**Available records**
.....
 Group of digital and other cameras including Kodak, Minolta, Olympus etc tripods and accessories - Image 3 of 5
.....
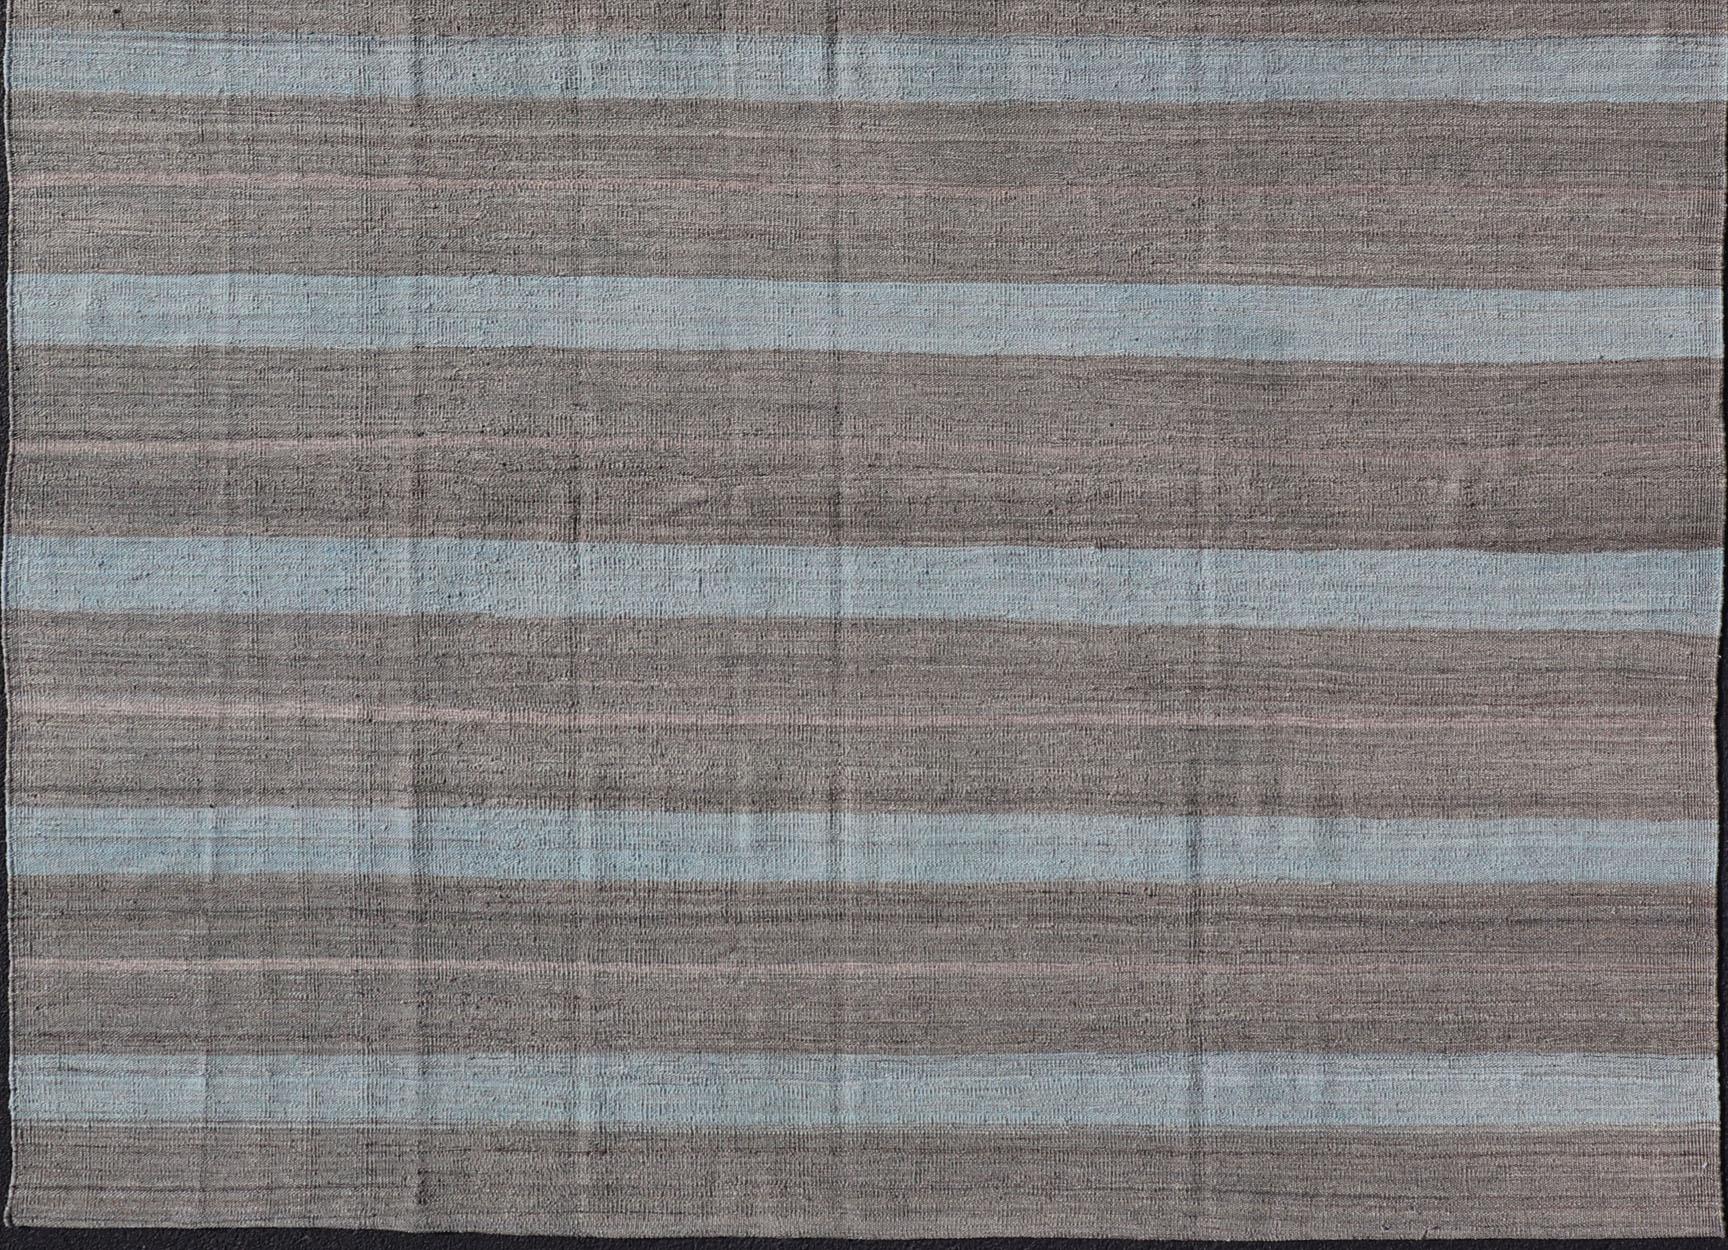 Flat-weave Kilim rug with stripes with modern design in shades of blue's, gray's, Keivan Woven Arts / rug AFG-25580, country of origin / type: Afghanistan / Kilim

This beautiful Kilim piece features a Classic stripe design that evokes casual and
.....
Using the entries above, transcribe exactly from the line that has "Flat-weave Kilim rug" through the line that has "This beautiful Kilim". Pictures are dropped.

**Response**
 Flat-weave Kilim rug with stripes with modern design in shades of blue's, gray's, Keivan Woven Arts / rug AFG-25580, country of origin / type: Afghanistan / Kilim

This beautiful Kilim piece features a Classic stripe design that evokes casual and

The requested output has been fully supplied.